Archive for September, 2005

where is the funny?

So, I feel like I need to apologize for the fact that my last post was not at all even remotely funny, but hey, I guess that’s just the part of my cool mysteriousness, no? I’m not sure that this will be any funnier, because I’ve been in this very strange dark mood for the past couple of days. I’m frustrated with the job search - or rather, the lack of results from it - and I’m tired of feeling useless because I’m home all day while Dave is at work and I don’t really seem to do anything.* Yesterday I made myself feel slightly better by cleaning, but the house is still a mess, and the cleaning lady is coming tomorrow, so there’s really no point in bothering, is there? Normally, when I feel like this, doing something fun like going shopping for a new outfit or a pair of shoes might make me feel better, but I have this little rule about not spending money on extraneous things when I have no income.
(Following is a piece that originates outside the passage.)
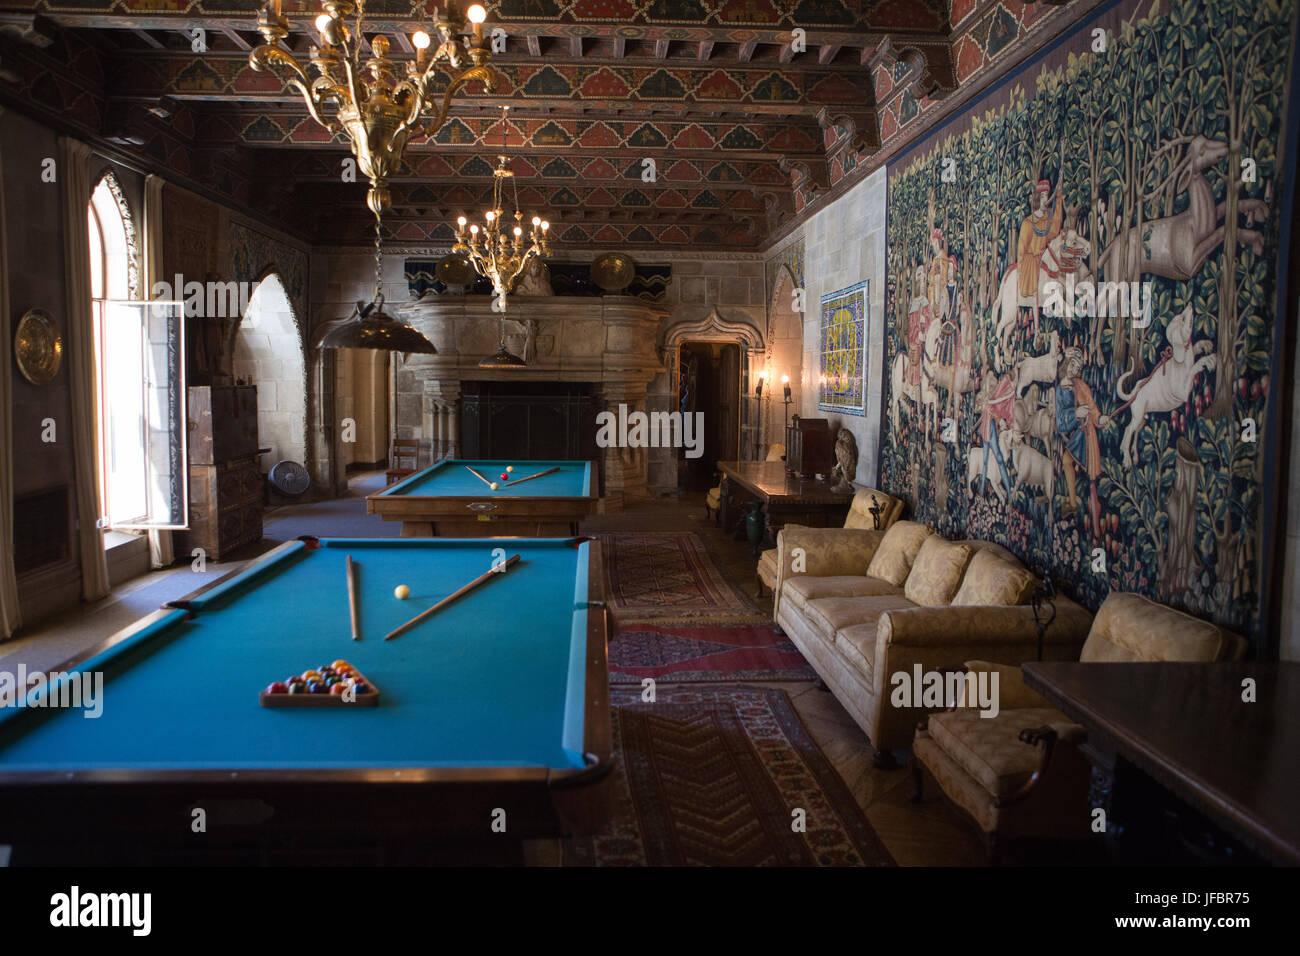 Le Château Hearst billard chambre est décorée avec des meubles, tapisseries, des illustrations et Photo Stock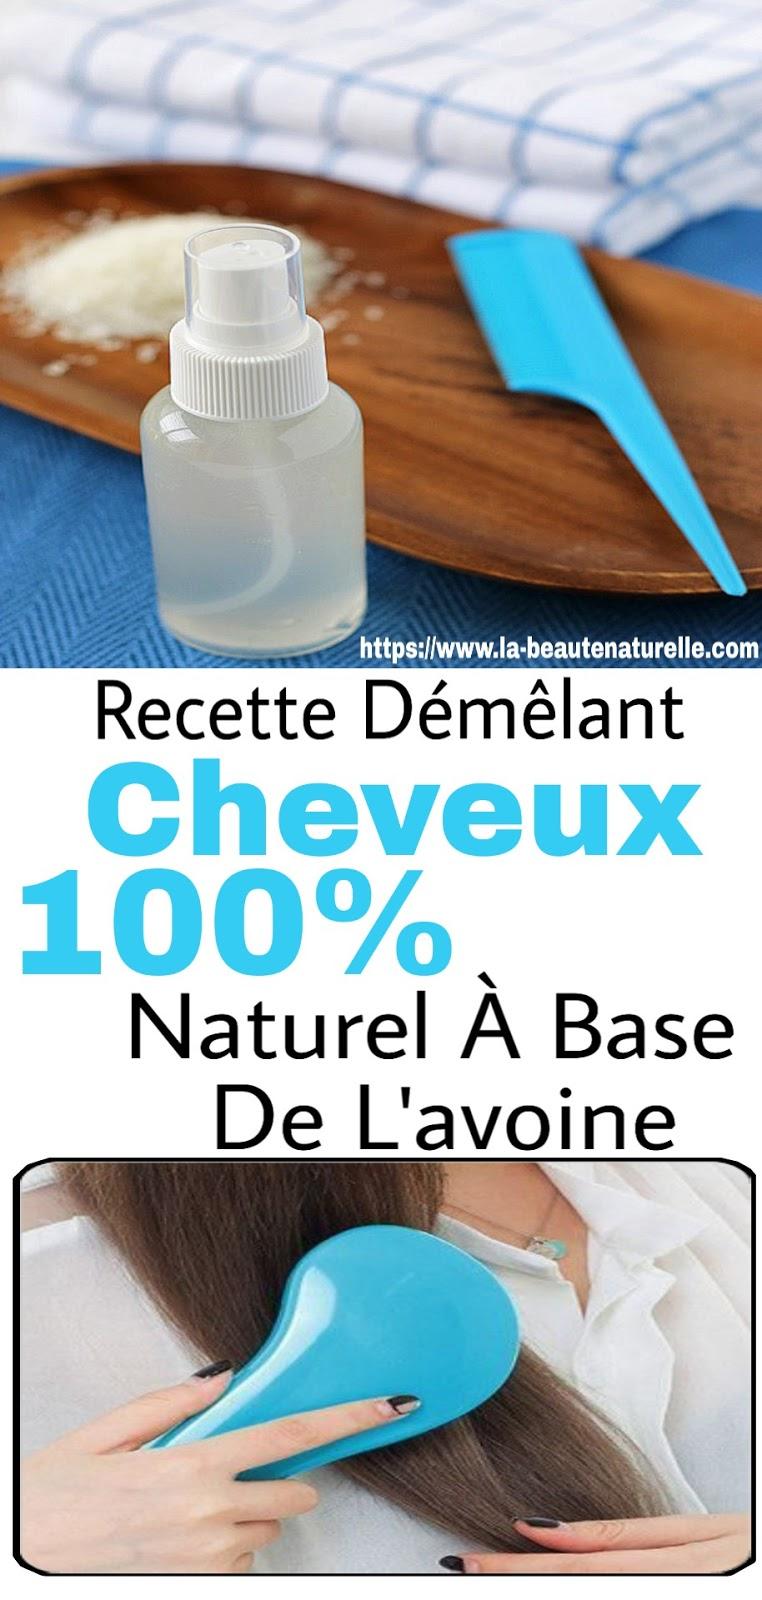 Recette Démêlant Cheveux 100% Naturel À Base De L'avoine

Call me kooky.

* Disclaimer: Dave has nothing to do with this mood, and I know that he hates that I feel this way. If anything, the guy is just too damn supportive, because he’s constantly telling me to relax and try to enjoy my time at home and think of it as a “vacation,” and I can’t seem to do that. But really, how sweet is that? It makes me feel even more guilty for spending his paycheck on things we don’t really need. Such as, see below.

So! In an effort to feel less useless and more like I’m taking steps to do something positive for my career, I’ve decided to get yet another certification. I won’t bore everyone with the details because I seriously doubt that most of you care, but this one little thing alone should definitely fatten up my resume quite nicely. Which means, of course, that I now get to go to the bookstore and drop some crazy amount of money on a textbook so I can teach it to myself, because that’s a better option than spending even crazier amounts to take a class for it. (Example: There is a 3-day intensive workshop for this certification, which costs a mere $3000. Holy god. I think I’ll just go buy the $75 book and go at my own pace, thanks anyway.) So yeah, that’s what I’m doing. Wish me luck.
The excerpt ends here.